----- Stored data -----

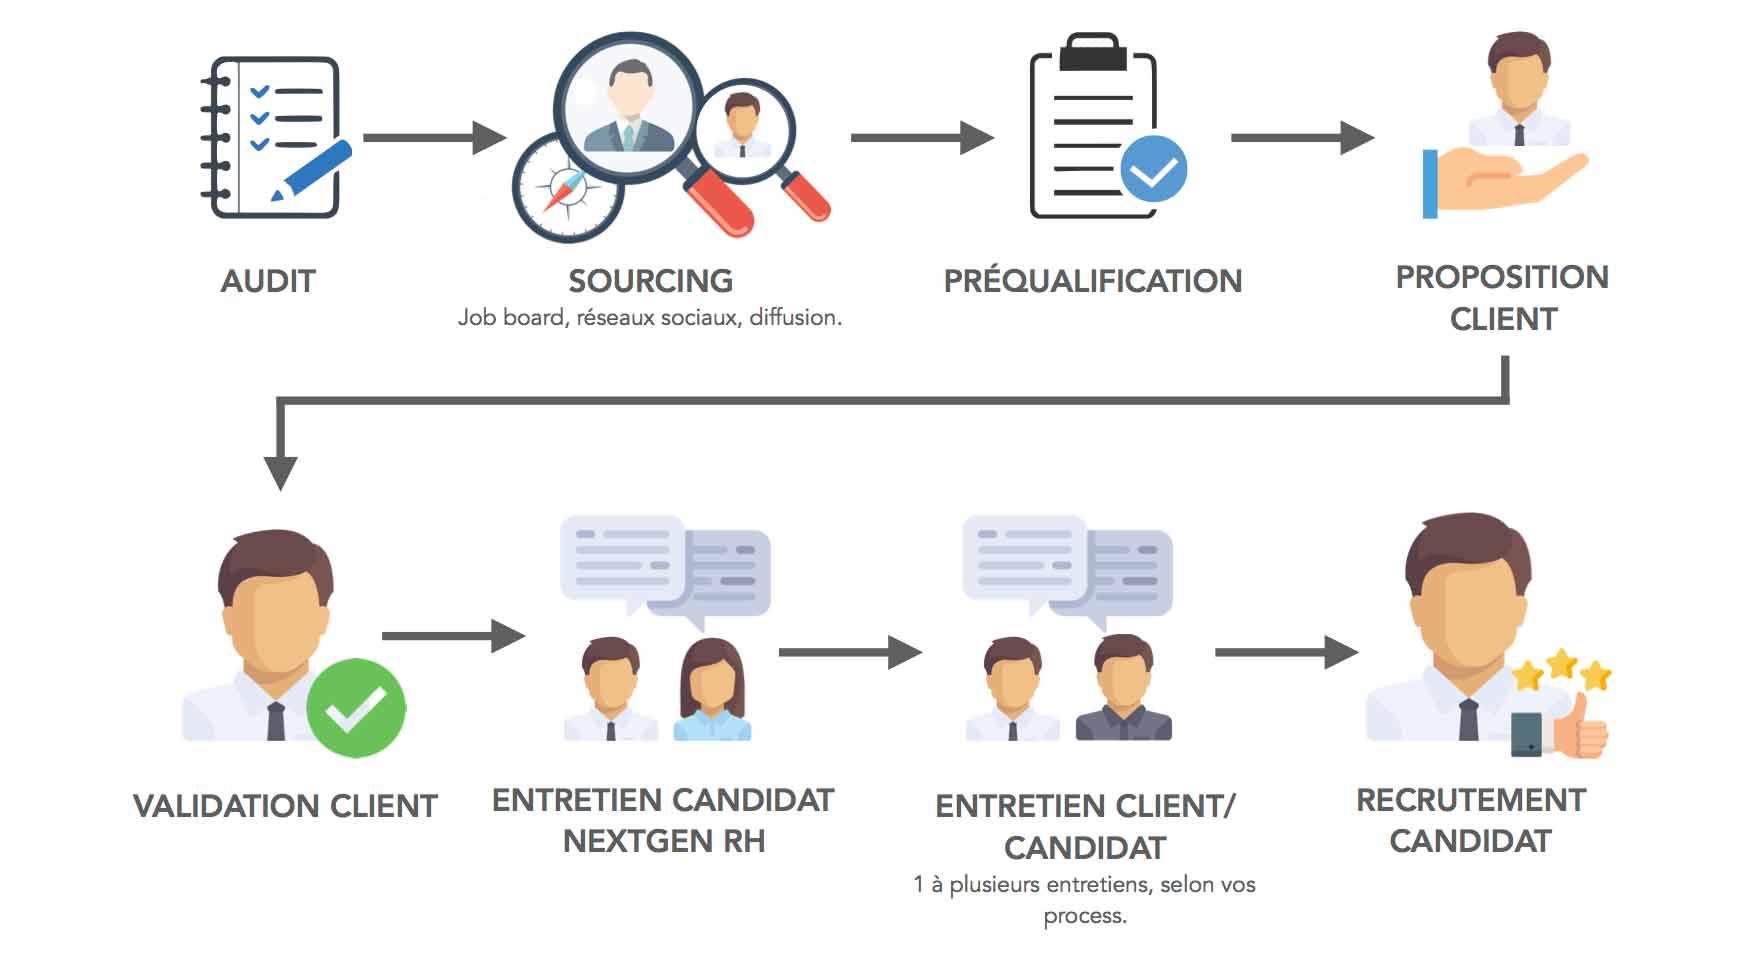 infographie-processus - nextgen rh
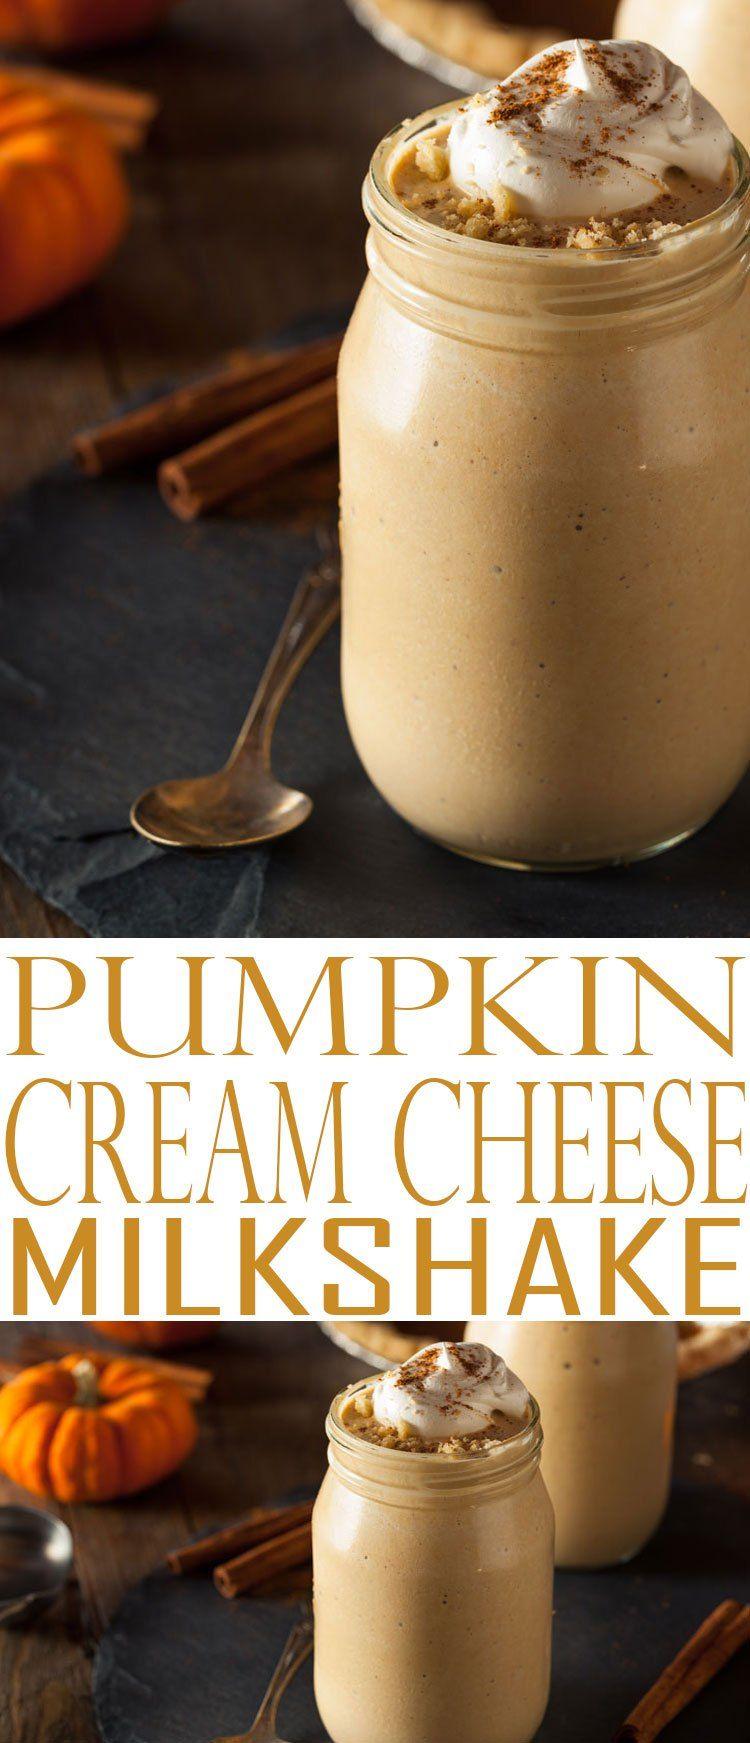 Pumpkin Cream Cheese Milkshake Pumpkin Pie Milkshake Is
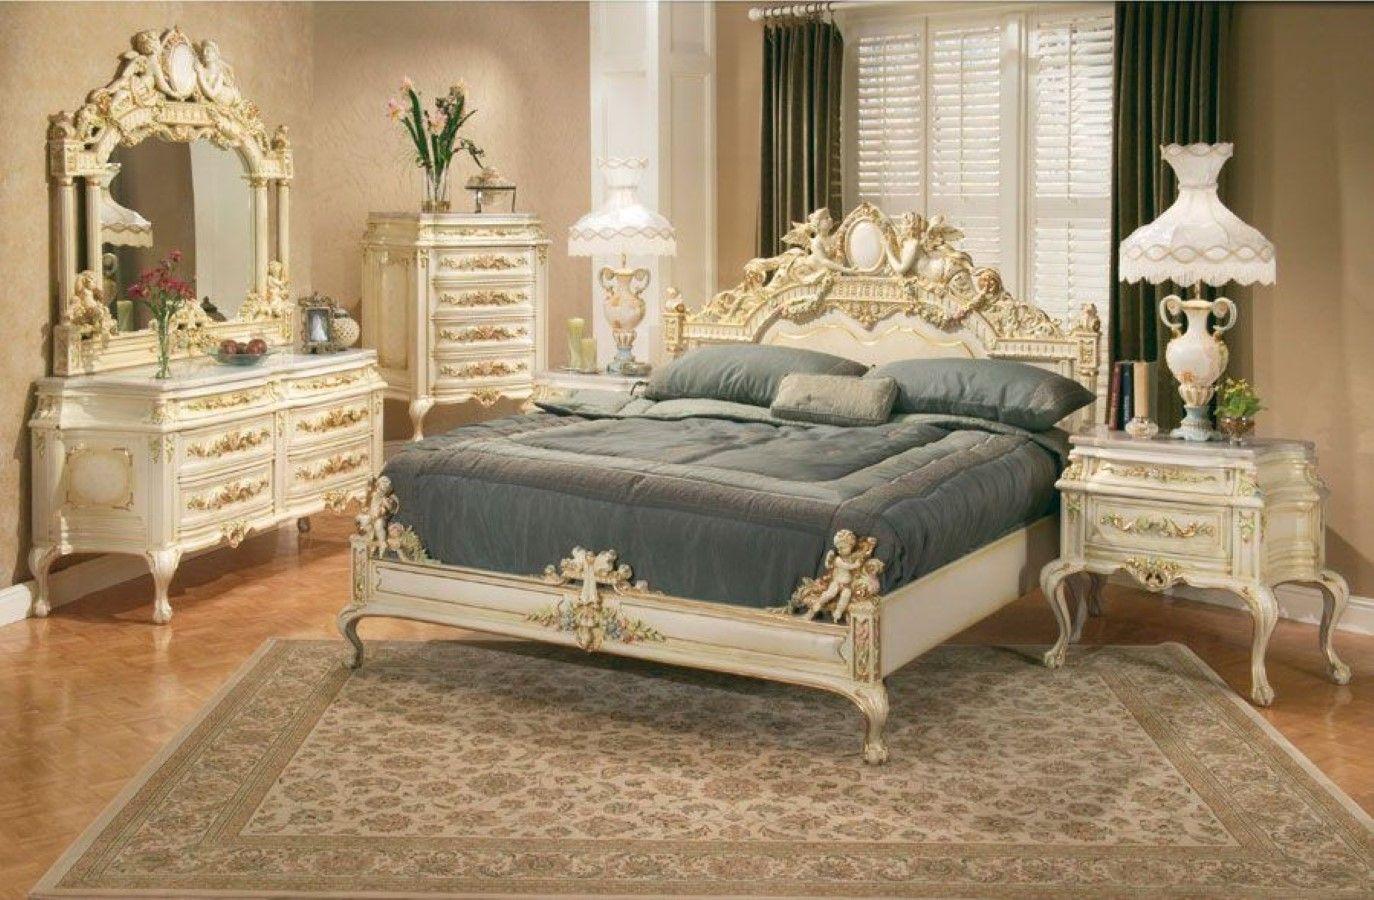 Luxury white carving furniture set design idea plus persian carpet

-----

- What this task involves
The expected output is the complete listing, word for word, without any picture.

- Response area
 infographie-processus - nextgen rh
 Pumpkin Cream Cheese Milkshake Pumpkin Pie Milkshake Is
 Luxury white carving furniture set design idea plus persian carpet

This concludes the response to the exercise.